A deterministic, high-precision **code intelligence layer** exposed as a [Model Context Protocol (MCP)](https://modelcontextprotocol.io/) server.

- **Zero telemetry** — your code never leaves your machine
- **No API key required** — runs entirely locally with sentence-transformers
- **1 min setup** — just `uvx code-memory` and you're ready
- **Token saving by 50%** — precise code retrieval instead of dumping entire files

**Please help star code-memory if you like this project!**

## Why code-memory?

Finding the right context from a large codebase is **expensive**, **inaccurate**, and **limited by context windows**. Dumping files into prompts wastes tokens, and LLMs lose track of the actual task as context fills up.
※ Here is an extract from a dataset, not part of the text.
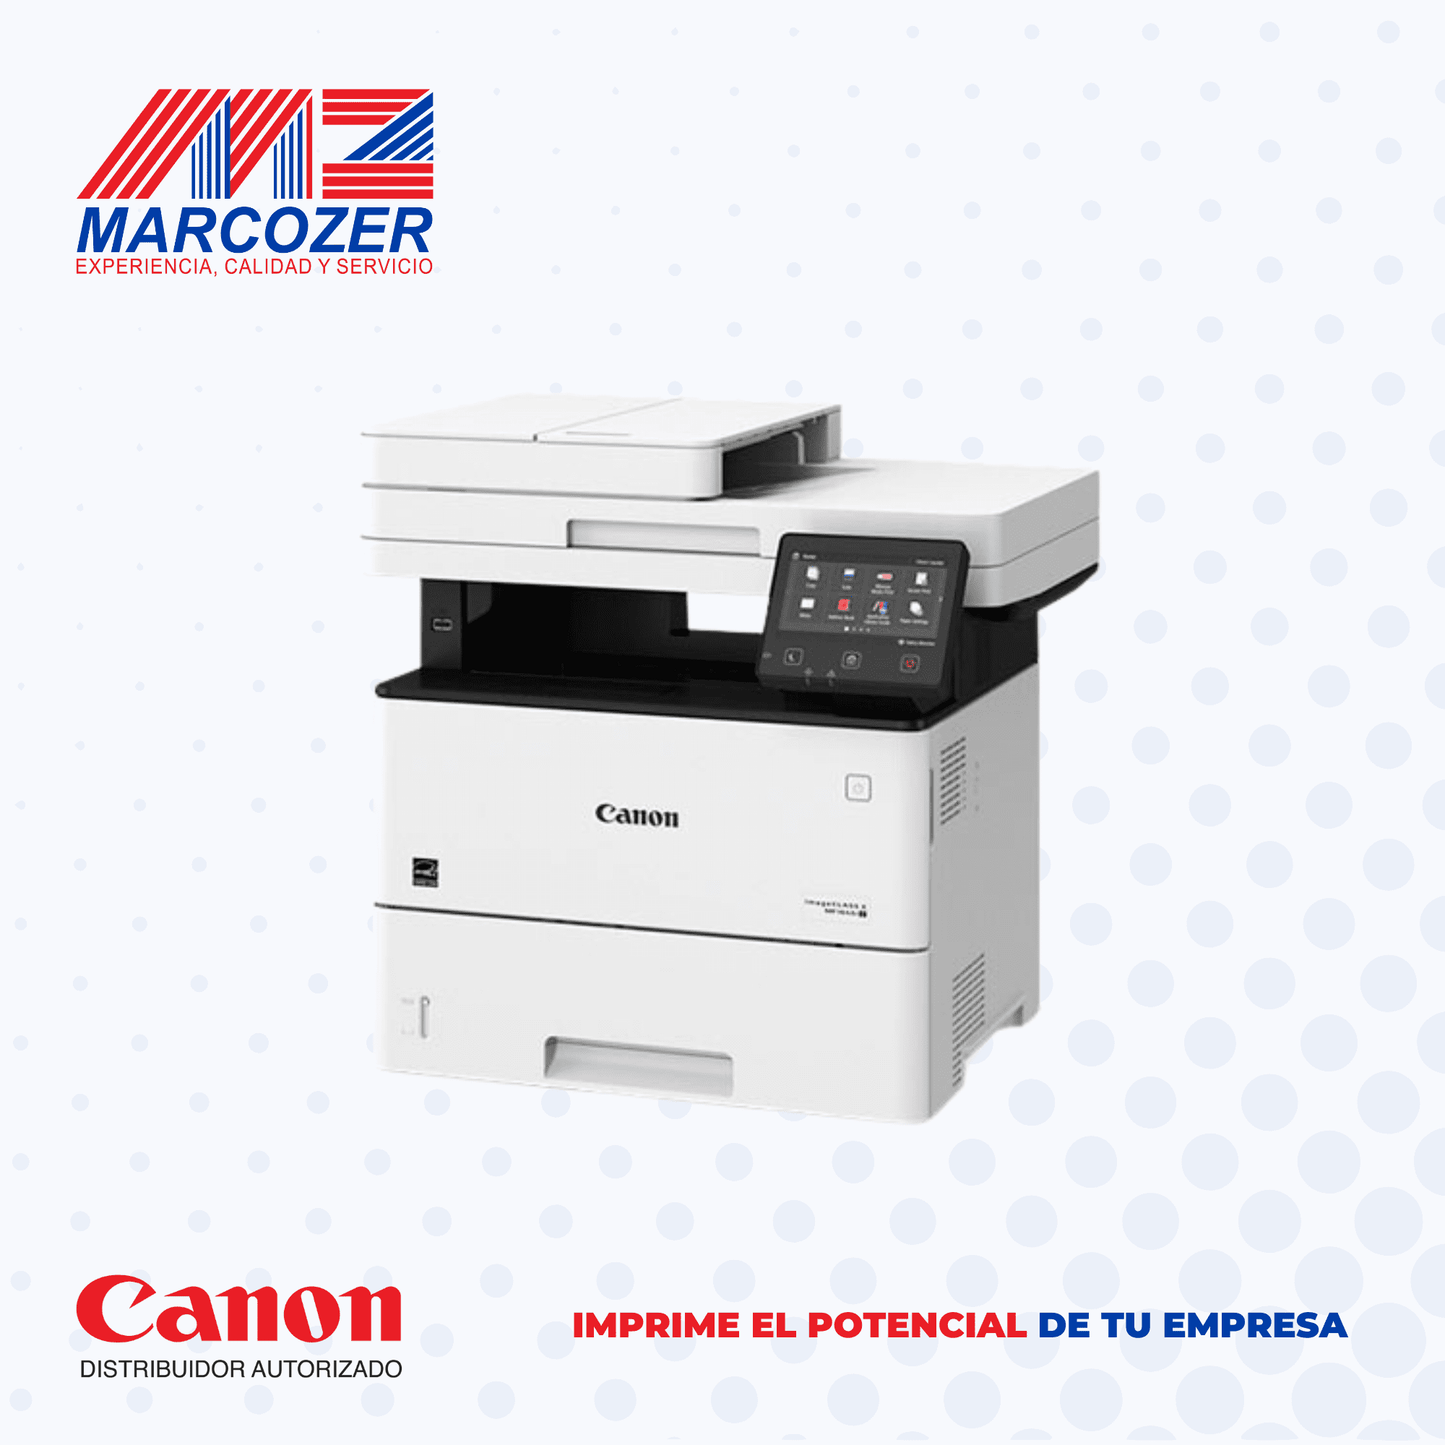 Equipo Multifuncional B/N - Imprime, Escanea y Fotocopia - iR 1643iF II

Instead of manually hunting with `grep`/`find` or dumping raw file text, `code-memory` runs semantic searches against a locally indexed codebase. Inspired by [claude-context](https://github.com/redmonkez12/claude-context), but designed from the ground up for large-scale local search.

## Supported Languages

**Full AST Support** (structural parsing with symbol extraction): Python, JavaScript/TypeScript, Java, Go, Rust, C/C++, Ruby, Kotlin

**Fallback Support** (whole-file indexing): C#, Swift, Scala, Lua, Shell, Config (yaml/toml/json), Web (html/css), SQL, Markdown

> Files matching `.gitignore` patterns are automatically skipped.
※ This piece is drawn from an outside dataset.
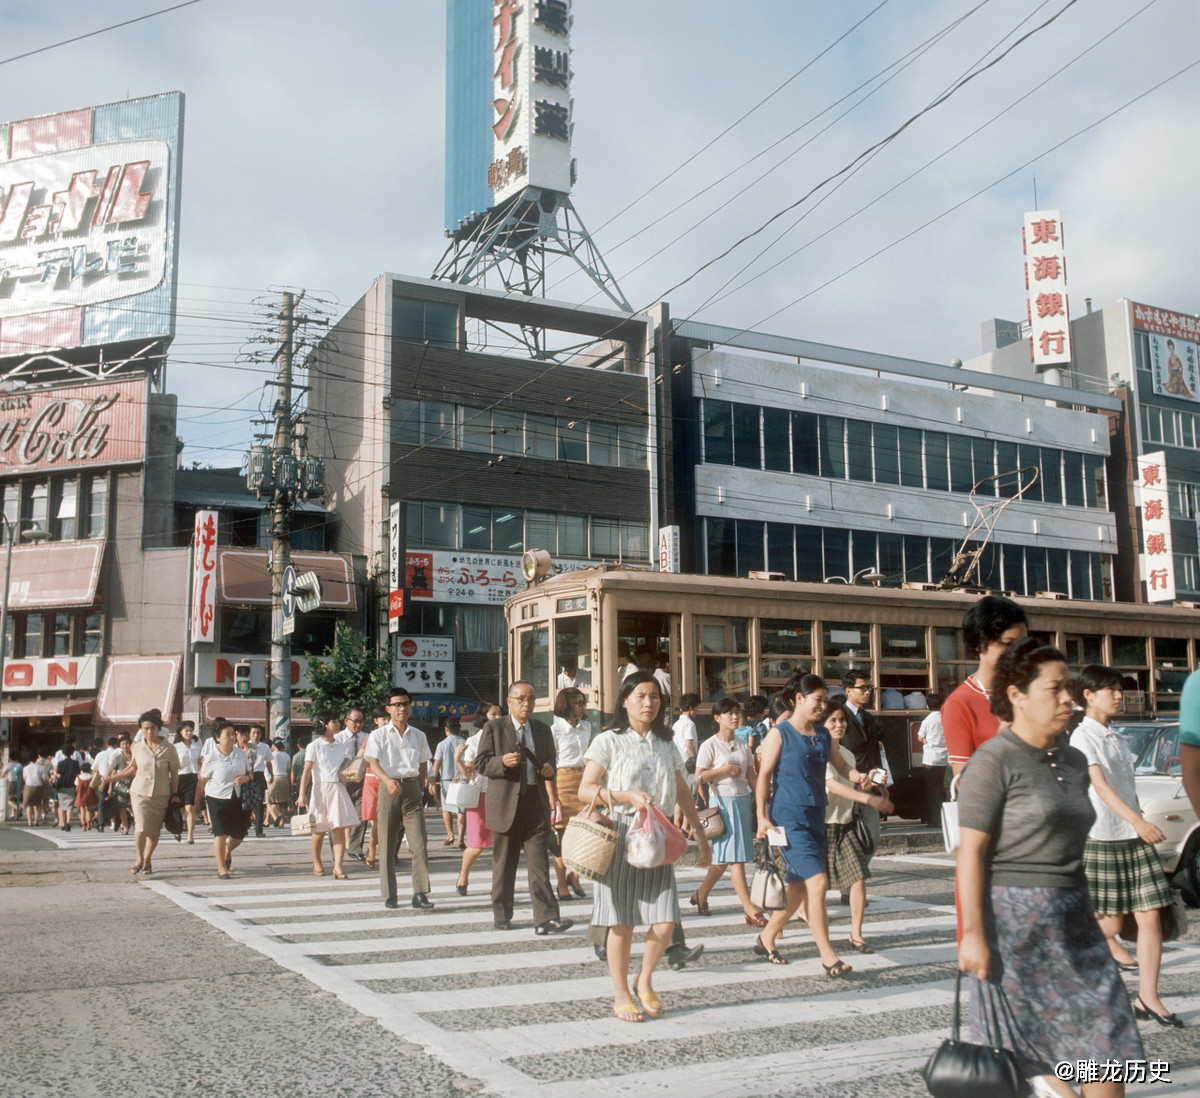 上世纪70年代的日本高楼大厦林立街道车水马龙

## Architecture: Progressive Disclosure

Instead of a single monolithic search, `code-memory` routes queries through **three purpose-built tools**:

| Question Type | Tool | Data Source |
|---|---|---|
| **"Where / What / How?"** — find definitions, references, structure, semantic search | `search_code` | BM25 + Dense Vector (SQLite vec) |
| **"Architecture / Patterns"** — understand architecture, explain workflows | `search_docs` | Semantic / Fuzzy |
| **"Who / Why?"** — debug regressions, understand intent | `search_history` | Git + BM25 + Dense Vector (SQLite vec) |
| **"Setup / Prepare"** — index parsing & embedding generation | `index_codebase` | AST Parser + `sentence-transformers` |

This forces the LLM to pick the *right retrieval strategy* before any data is fetched.

## Installation

### From PyPI (Recommended)

```bash
# Install with pip
pip install code-memory

# Or with uvx (for MCP hosts)
uvx code-memory
```

### From Source

```bash
# Clone the repo
git clone https://github.com/kapillamba4/code-memory.git
cd code-memory

# Install dependencies
uv sync

# Run the MCP server (stdio transport)
uv run mcp run server.py
```

### Pre-built Binaries (Standalone)

Download standalone executables from [GitHub Releases](https://github.com/kapillamba4/code-memory/releases) — no Python installation required.

| Platform | Architecture | File |
|----------|-------------|------|
| Linux | x86_64 | `code-memory-linux-x86_64` |
| macOS | x86_64 (Intel) | `code-memory-macos-x86_64` |
| macOS | ARM64 (Apple Silicon) | `code-memory-macos-arm64` |
| Windows | x86_64 | `code-memory-windows-x86_64.exe` |

```bash
# Linux/macOS: Download and make executable
chmod +x code-memory-*
./code-memory-*

# Windows: Run directly
code-memory-windows-x86_64.exe
```

**Note:** The first run will download the embedding model (~600MB) to `~/.cache/huggingface/`. Subsequent runs use the cached model.

## Quickstart

### Prerequisites

- Python ≥ 3.13
- [`uv`](https://docs.astral.sh/uv/) package manager (recommended) or pip

Install uv if you don't have it:

```bash
curl -LsSf https://astral.sh/uv/install.sh | sh
```

### Install & Run

```bash
# Install from PyPI
pip install code-memory

# Or run directly with uvx
uvx code-memory
```

### Development

```bash
# Run with the MCP Inspector for interactive debugging
uv run mcp dev server.py

# Run tests
uv run pytest tests/ -v

# Lint and format
uv run ruff check .
uv run ruff format .

# Build package
uv build

# Build standalone binary (requires pyinstaller)
pip install pyinstaller
pyinstaller --clean code-memory.spec
# Binary output: dist/code-memory
```

## Configure Your MCP Host

You can use either `uvx` (requires Python) or the standalone binary (no dependencies).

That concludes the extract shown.